Kulon Progo merupakan salah satu wilayah di Daerah Istimewa Yogyakarta yang memiliki bentang alam beragam. Perbukitan, lembah, tebing, hingga gua menjadi bagian dari karakter wilayah yang terbentuk melalui proses geologi dalam waktu yang panjang. Wilayah yang menjadi area pemetaan saya, keberadaan Air Terjun Sidoharjo, Goa Sriti, dan Paralayang Giri Sembung menunjukkan bagaimana kondisi alam dapat berperan dalam membentuk daya tarik wisata dengan karakter yang berbeda.
Kegiatan pemetaan geologi dilakukan melalui pengamatan singkapan, deskripsi litologi, pengukuran kedudukan batuan, identifikasi struktur geologi, pengamatan geomorfologi, serta pencatatan berbagai fitur yang dijumpai di lapangan. Kegiatan tersebut tidak hanya bertujuan untuk menghasilkan peta geologi, tetapi juga memberikan kesempatan untuk melihat secara langsung bagaimana proses geologi membentuk karakter suatu wilayah.

Salah satu fitur yang menarik perhatian adalah Air Terjun Sidoharjo. Terletak di kawasan Perbukitan Menoreh, air terjun ini memiliki ketinggian sekitar 75 meter dan menjadi salah satu daya tarik wisata alam di Kalurahan Sidoharjo, Samigaluh. Kondisi perbukitan dan lingkungan yang masih alami menjadi bagian penting dari pengalaman wisata di kawasan tersebut. Keberadaannya merupakan bagian dari suatu bentang alam yang terbentuk melalui interaksi antara kondisi batuan, proses struktur, dan erosi yang terjadi. Berkembangnya perbukitan di daerah Kulon Progo dimanfaatkan oleh warga sekitar dalam pengembangan Paralayang Giri Sembung. Berada di wilayah Banjarasri, Kalibawang, Paralayang Giri Sembung memanfaatkan kondisi topografi dan panorama kawasan perbukitan sebagai daya tarik wisata. Keberadaan destinasi ini memperlihatkan bahwa bentang alam tidak hanya memberikan objek untuk diamati, tetapi juga dapat menyediakan ruang bagi aktivitas wisata yang memanfaatkan kondisi medan dan lanskap.

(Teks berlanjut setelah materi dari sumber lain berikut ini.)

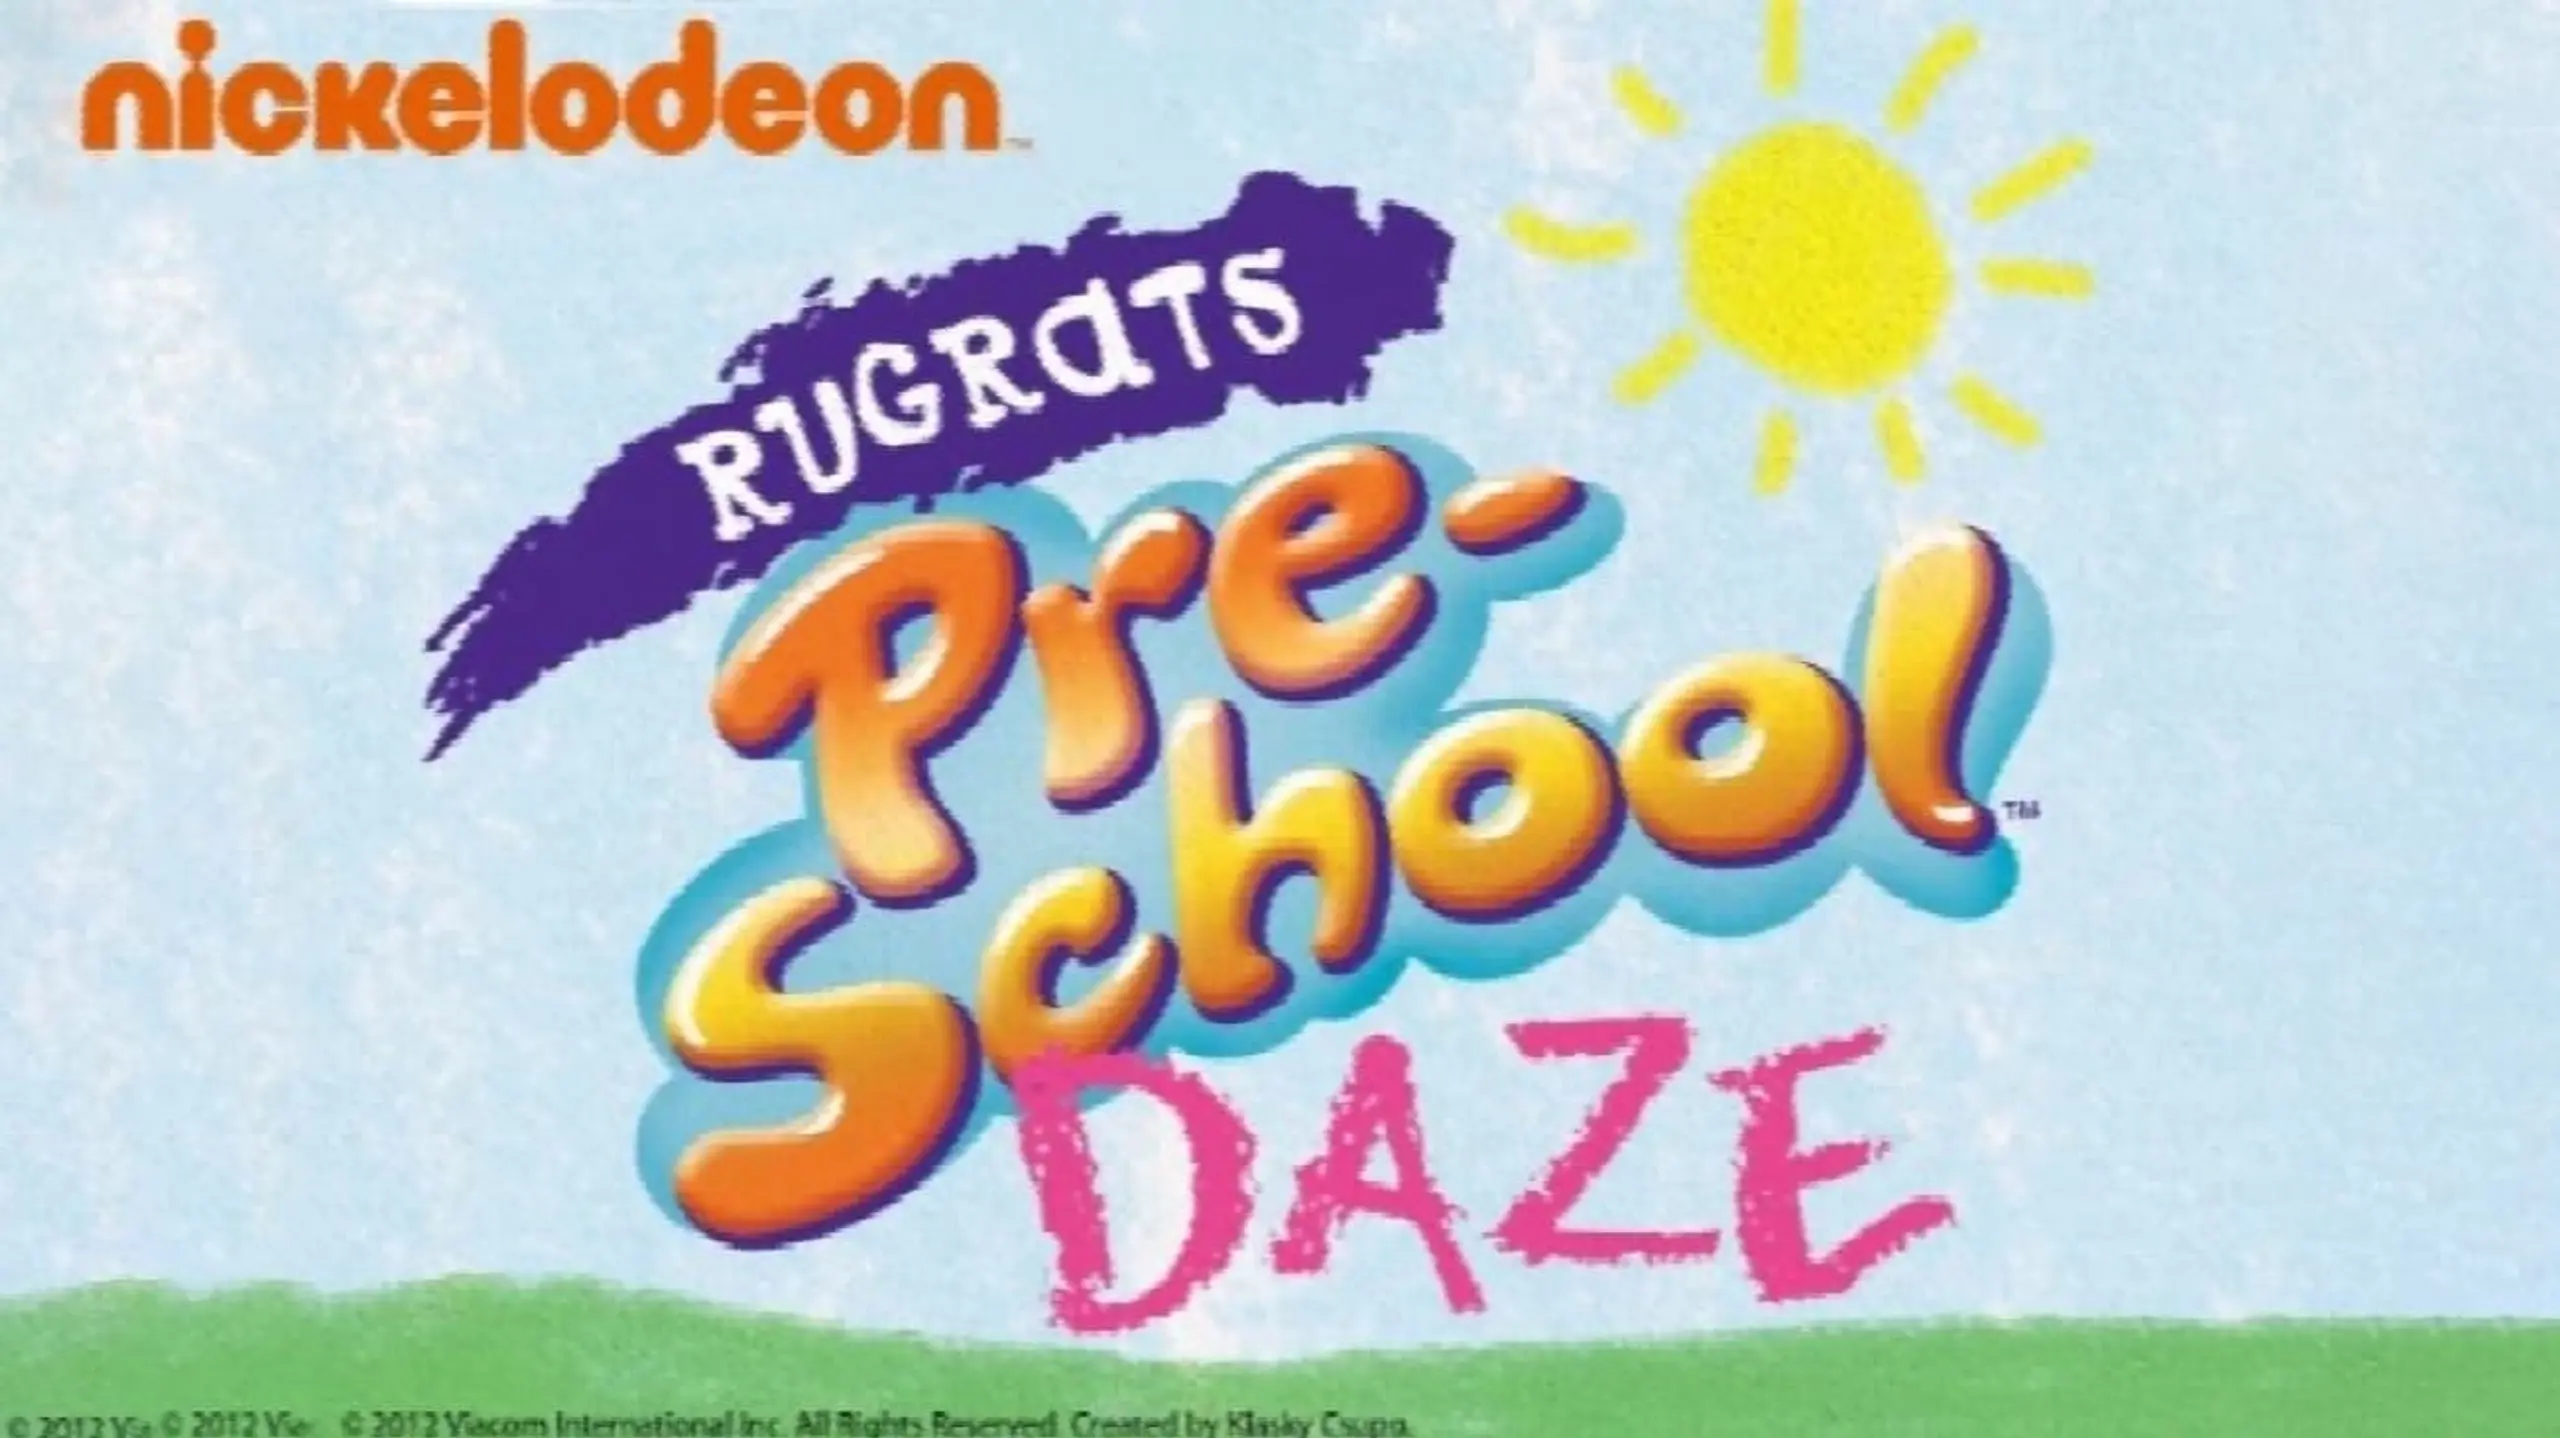 Rugrats Pre-School Daze

Formasi yang membentuk perbukitan tinggi berupa aliran piroklastik merupakan bagian dari Formasi Andesit Tua, dipenuhi breksi andesit, lapilli tuff, dan lava andesit. Munculnya batupasir, konglomerat, dan batugamping menjadi penciri formasi kedua yang berkembang di daerah area saya yakni Formasi Jonggrangan. Formasi Jonggrangan banyak dijumpai pada puncak perbukitan berkembang di atas tubuh vulkanik. Dampak dari batugamping ini dapat ditemukan pada Goa Sriti. Kajian mengenai geoheritage Kulon Progo mencatat Goa Sriti sebagai salah satu geosite yang memiliki nilai geologi dan dapat dikembangkan untuk kegiatan edukasi.
Dari sudut pandang pemetaan geologi, ketiga objek tersebut dapat menjadi contoh bahwa data geologi memiliki manfaat yang lebih luas daripada sekadar mengetahui persebaran batuan. Pemetaan membantu mengenali hubungan antara batuan, bentuklahan, struktur, dan proses geomorfologi. Pengetahuan tersebut dapat menjadi informasi awal dalam memahami mengapa suatu wilayah memiliki karakter wisata tertentu. Pemahaman mengenai kondisi geologi dan bentang alam dapat membantu masyarakat maupun pengelola mengenali karakter kawasan yang perlu dijaga. Hal ini menjadi penting karena daya tarik wisata alam pada dasarnya bergantung pada keberlangsungan kondisi lingkungan yang menjadi sumber daya utamanya.
Hubungan tersebut dapat dikaitkan dengan Sustainable Development Goals (SDGs). SDG 8: Decent Work and Economic Growth, terutama melalui pengembangan kegiatan wisata yang dapat membuka peluang ekonomi masyarakat lokal. Wisata berbasis alam dapat menjadi salah satu cara untuk menghubungkan potensi wilayah dengan aktivitas ekonomi tanpa menghilangkan karakter lokalnya.
SDG 11: Sustainable Cities and Communities juga relevan karena pengelolaan kawasan wisata membutuhkan pemahaman terhadap karakter wilayah serta upaya menciptakan kawasan yang aman, tangguh, dan berkelanjutan. Data pemetaan geologi dapat menjadi salah satu informasi dasar untuk memahami kondisi fisik suatu wilayah sebelum pemanfaatan dan pengembangan dilakukan.